Application security is critical in Java technology. The Java runtime environment (aka JVM) provides a tightly guarded security environment for runtime execution. (Refer to [J2EE14], [J2EE14Tutor], and [LiGong] for more details.) Figure 13-1 depicts a high-level security overview. Inside the JRE, the Security Manager is responsible for code runtime verification and access control. The code runtime verification is managed by the Protection Domain, where different class files (namely, bootstrap class, system class, and user class) are verified by bootstrap class loader, system class loader, class loader, and the bytecode verifier. The Access Module is responsible to authenticate and authorize the principal (user or service requester) against the security policy files (namely, java.security and java.policy files). The JRE supports a variety of authentication mechanisms, including JAAS login module, database security (using JDBC), or LDAP (using JNDI).

Figure 13.1

Figure 13-1 Java security overview

Java Runtime Security

Java SE provides a Java "sandbox" to restrict applets from accessing file systems and networks and untrusted applets from accessing all of the API functionality. The "sandbox" security architecture (refer to Figure 13-1) consists of three key components:

  • Bytecode Verifier It verifies Java bytecodes that are compiled from Java source codes prior to execution. It ensures that the bytecodes do not violate permission policies or access system resources using incorrect type information.

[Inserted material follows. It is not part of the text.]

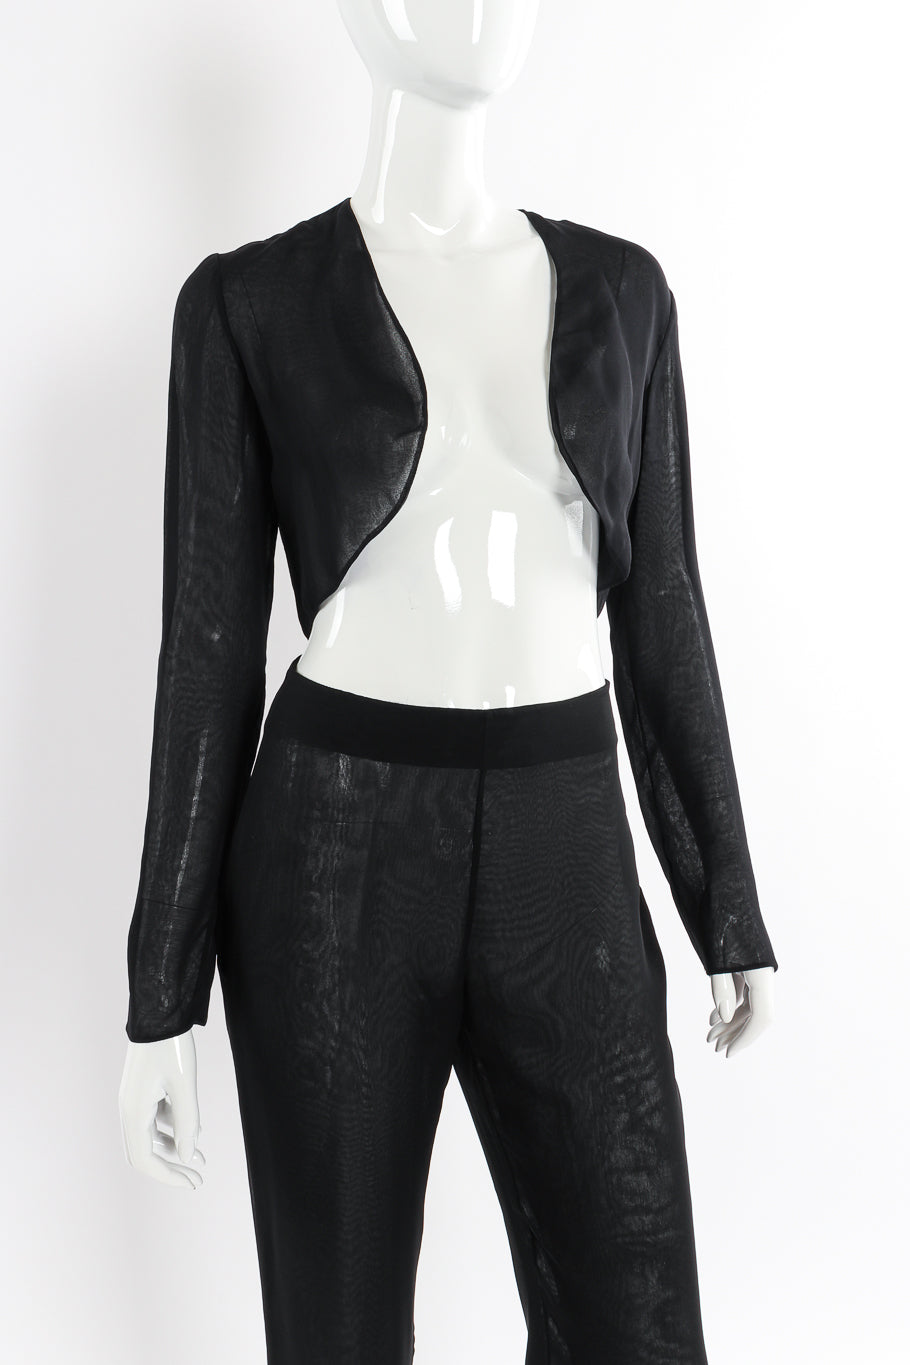 Vintage Richard Tyler Silk Bolero Top and Pants Set front view on mannequin closeup @Recessla

  • Class Loader The "primordial" (root) class loader bootstraps the class loading process and protects the runtime environment from loading harmful codes locally or remotely by hackers during the class loading process (so-called "code-spoofing"). It loads the initial classes required by all Java programs. The secure class loader java.security.SecureClassLoader then kicks off assembling and loading other classes locally, for example, bootstrap class files, system class files, and user class files.

  • Class loading works under a class loader hierarchy. A child class must delegate to the parent class to load a specific class. If the parent class cannot load the specific class, then the child class loads it. Remote classes from the network are instantiated and loaded by the parent class loader as a new class. Thus hackers are not able to spoof attack by loading a malicious class directly into the JVM. For instance, hackers are able to insert a malicious version of System.out.print or java.lang.String into the application because the class loader loads a local version of System.out.print or java.lang.String under this class loading process. A Java archive (JAR) signer is a utility that seals packages for protection from tampering and verifies remote classes prior to loading to the JVM.

  • Security Manager The security manager (java.lang.Security Manager) performs runtime checks on any method or any code accessing sensitive system resources (for example, file or network access), and generates a security exception for any security policy violation. It delegates the permission check to the java.security.Access Controller by calling the checkPermission method. The security manager can be invoked by specifying the system property while starting the JVM (for example, java -Djava.security.manager myApps.class) or creating an instance in the program code (for example, System.setSecurityManager(new SecurityManager());)

The security manager has a security policy database where security policies are maintained. The security policy database stores permission rules for authorization and key stores for authentication. A security policy relates to a set of permissions for a domain (system or application), which encloses a set of classes. Developers can also customize any additional protection of resources within the domain boundary, say, using the SignedObject class.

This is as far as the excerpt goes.